In 1939, Lardé was recognized in Chile when both a library and a public school were named in her honor. From the 1940s, many of her publications included scientific works including: La dinámica terrestre y sus fenómenos inherentes (The terrestrial dynamics and its inherent phenomena, 1943), ¿Es la electricidad el origen de la vida y de la muerte? (Is electricity the origin of life and death?, 1943), Mi América: Odisea de un Colegial Salvadoreño a través de Centro y Sudamérica (My America: Odyssey of a Salvadoran Scholar through Central and South America, 1946), Fórmulas gráficas prácticas del vitaoculiscopio y oculivita (Practical graphic formulas of vitaoculiscope and oculivita, 1950), La Electricidad: Alma Mater Universal, Fenómenos Cosmológicos y Biopsicológicos, (Electricity: Universal Soul, Cosmological and Psychological Phenomena, 1954), La frigidez sexual de la mujer (The sexual frigidity of women, 1967), El Volumen Poético Antológico Grito al Sol, (The Anthological Poetry Volume Greetings to the Sun, 1983).

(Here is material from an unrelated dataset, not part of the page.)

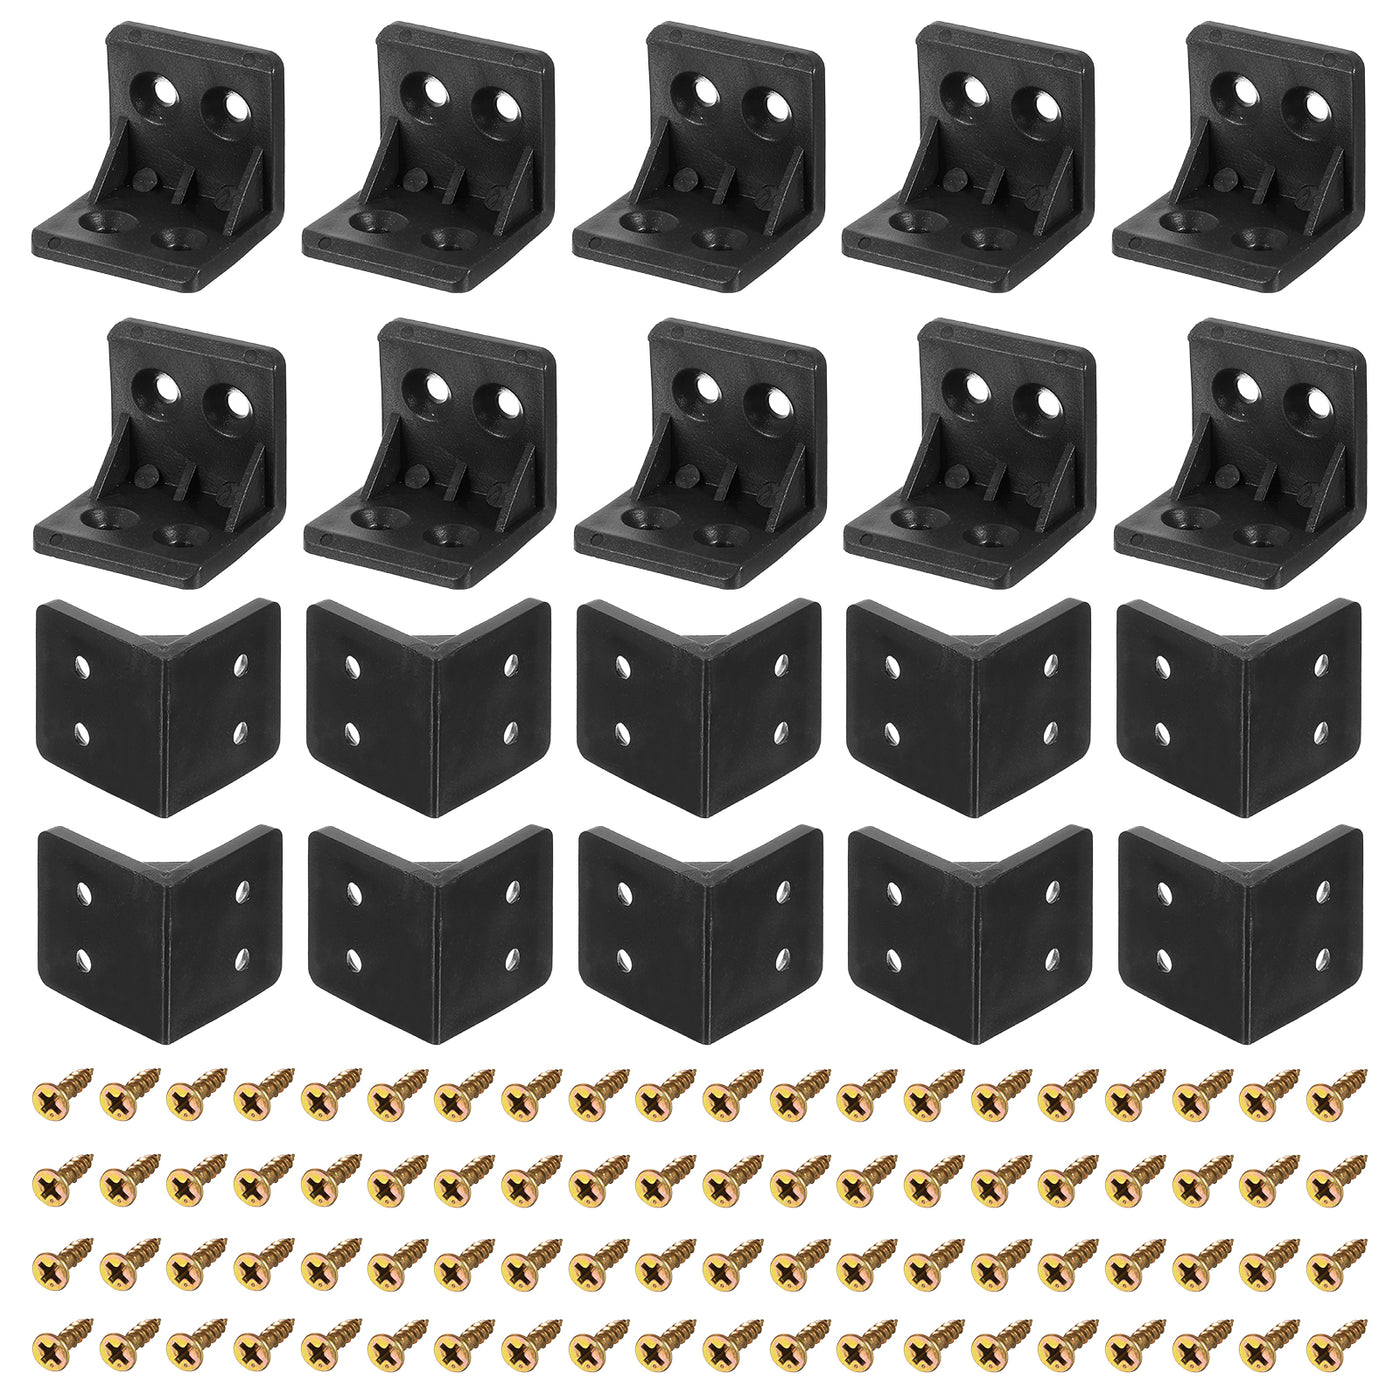 uxcell Uxcell 50Pcs 90 Degree Plastic Corner Braces, 27.3x27x27mm Nylon Shelf Right Angle Brackets with Screws for Cabinets, Cupboards (Black)

In November 1976, Lardé was honored by the Legislative Assembly of El Salvador and in 1979, she was honored by the Unión de Mujeres Americanas as the Woman of the Year.

==Death and legacy==
Lardé died on 13 October 1983 leaving around thirty unpublished manuscripts. In 1998, a postage stamp bearing her likeness was issued in a series Celebrating Women. In 2003, she was selected with a group of noted Salvadoran women as one of the names to be included in a street and park renaming project. The National Library of El Salvador hosted an exhibition, El legado literario de mujeres escritoras (The literary legacy of women writers) in 2016. The event featured the works of the three dominant Salvadoran poets of their era: Lardé, along with Prudencia Ayala and Josefina Peñate y Hernández.